**DATA PROVIDED:**
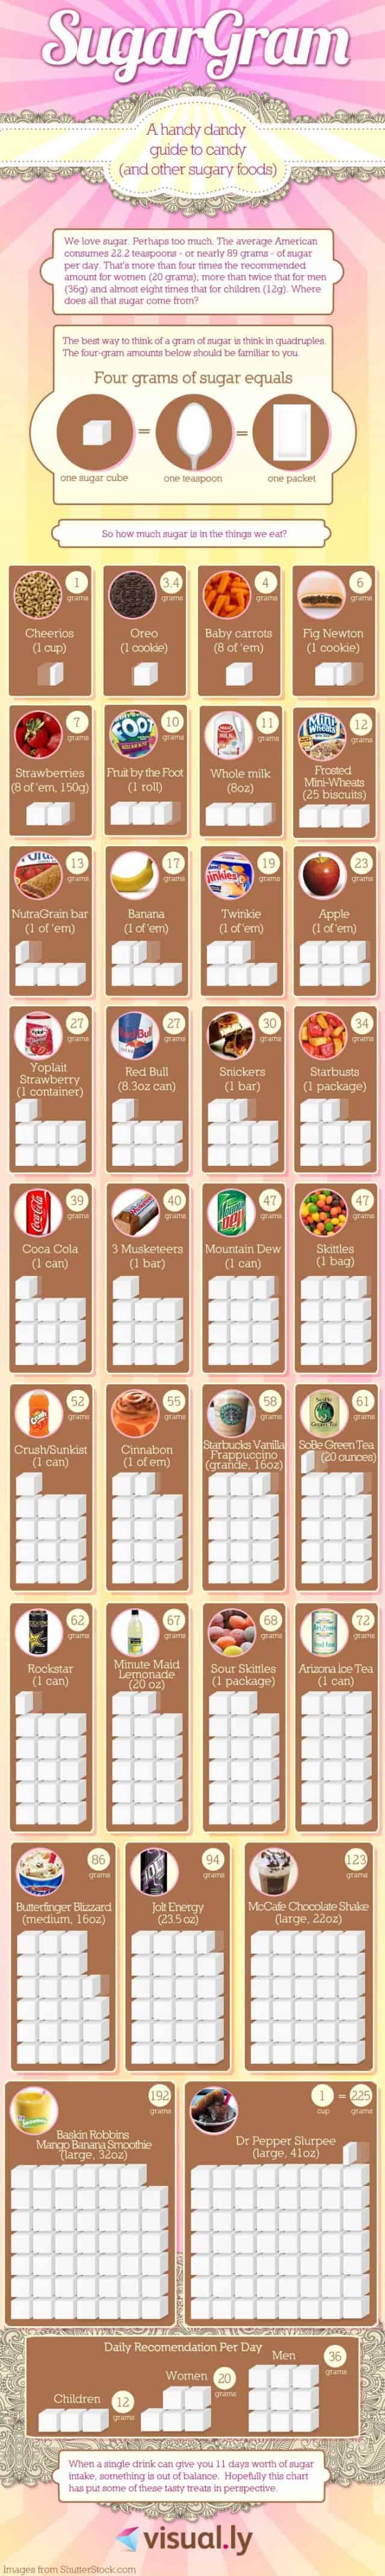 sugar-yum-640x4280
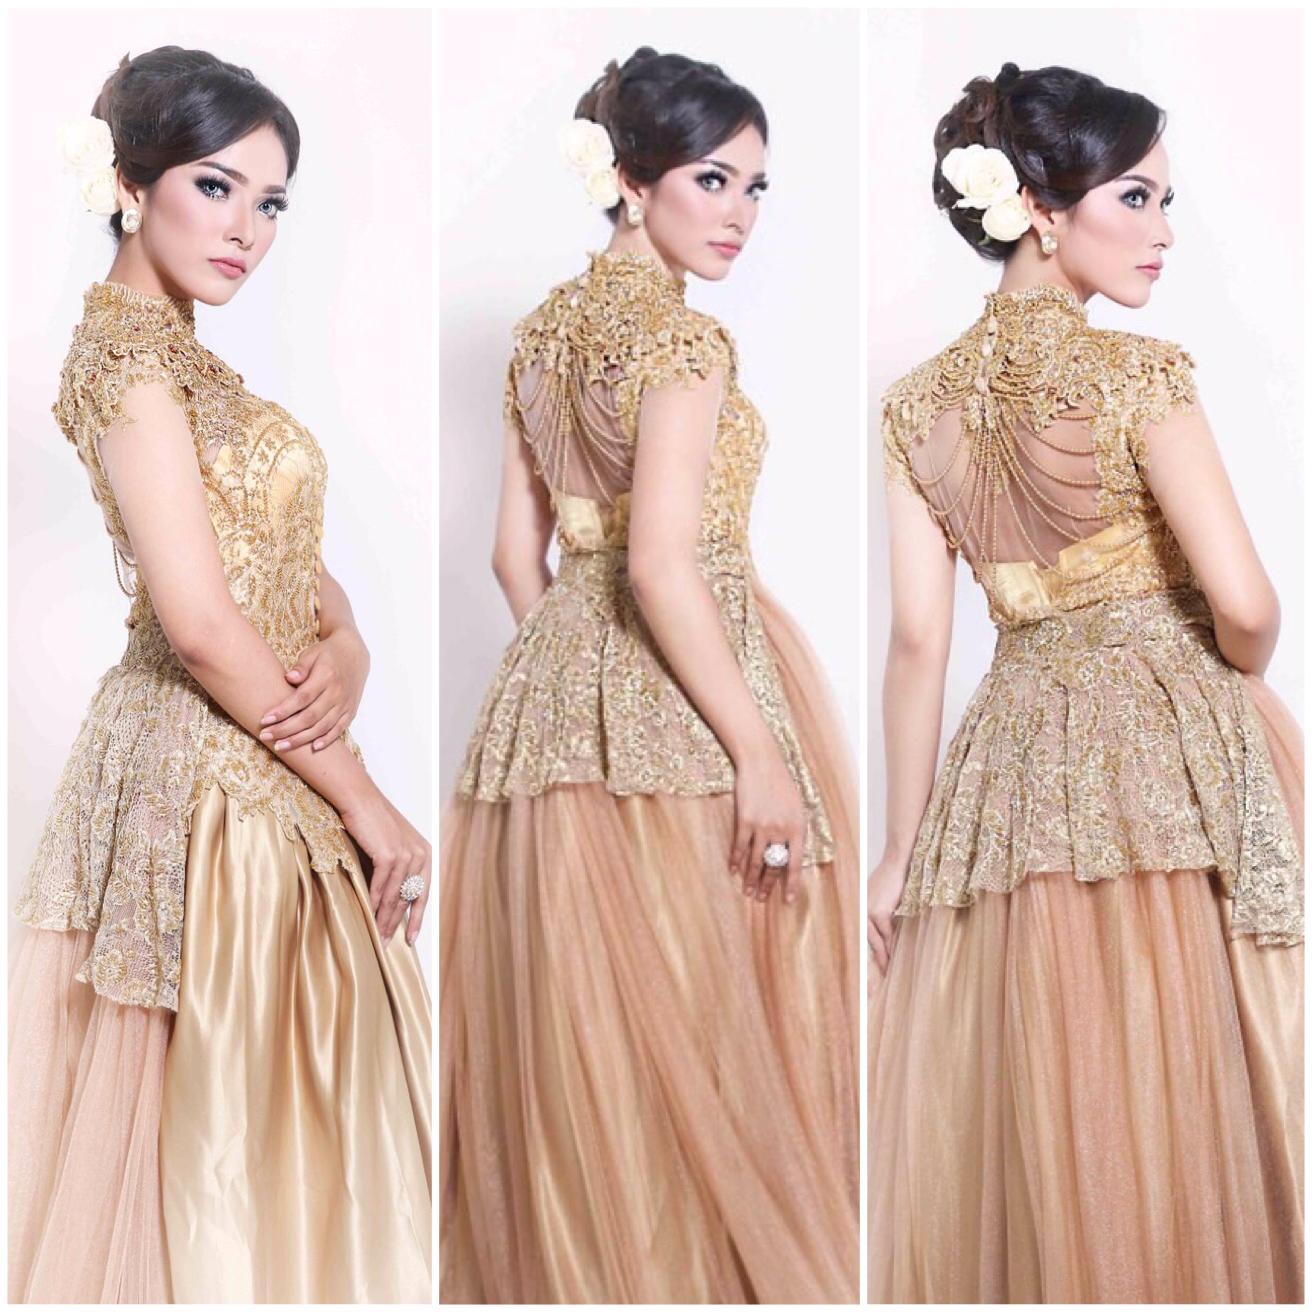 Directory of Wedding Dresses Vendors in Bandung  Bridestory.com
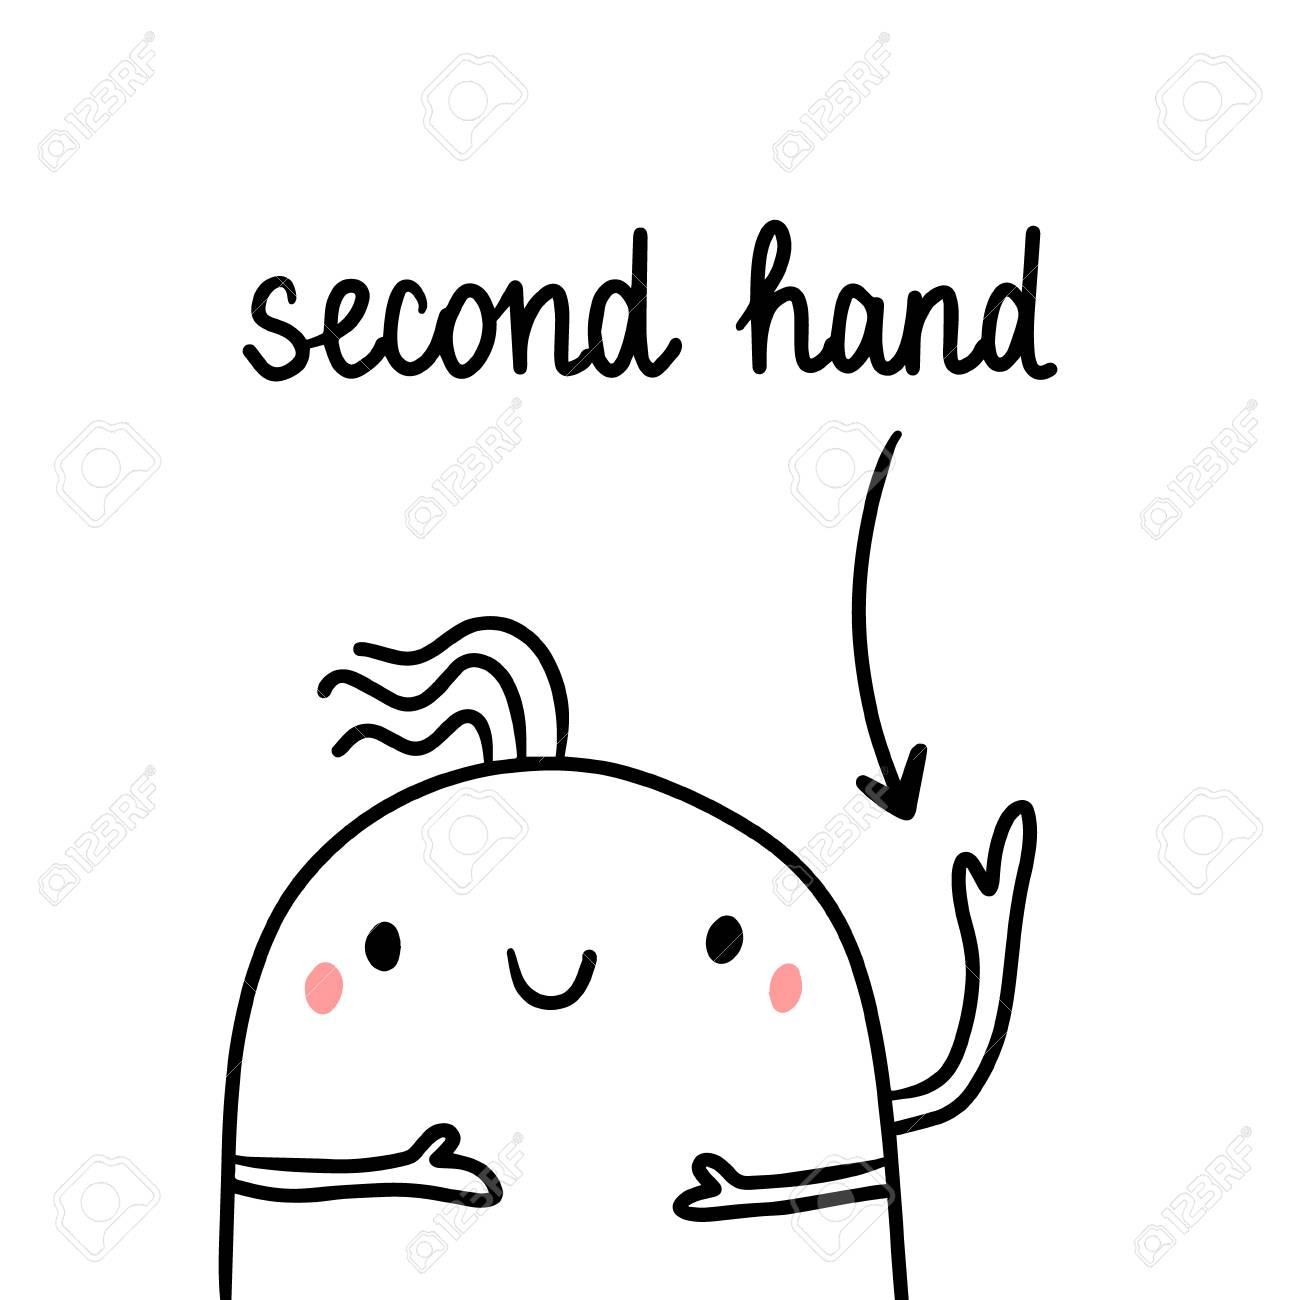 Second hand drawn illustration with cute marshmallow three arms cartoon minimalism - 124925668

**TASK PROMPT:** The task calls for duplicating the data exactly, with no images kept.

**SOLUTION BELOW:**
 sugar-yum-640x4280
 Directory of Wedding Dresses Vendors in Bandung  Bridestory.com
 Second hand drawn illustration with cute marshmallow three arms cartoon minimalism - 124925668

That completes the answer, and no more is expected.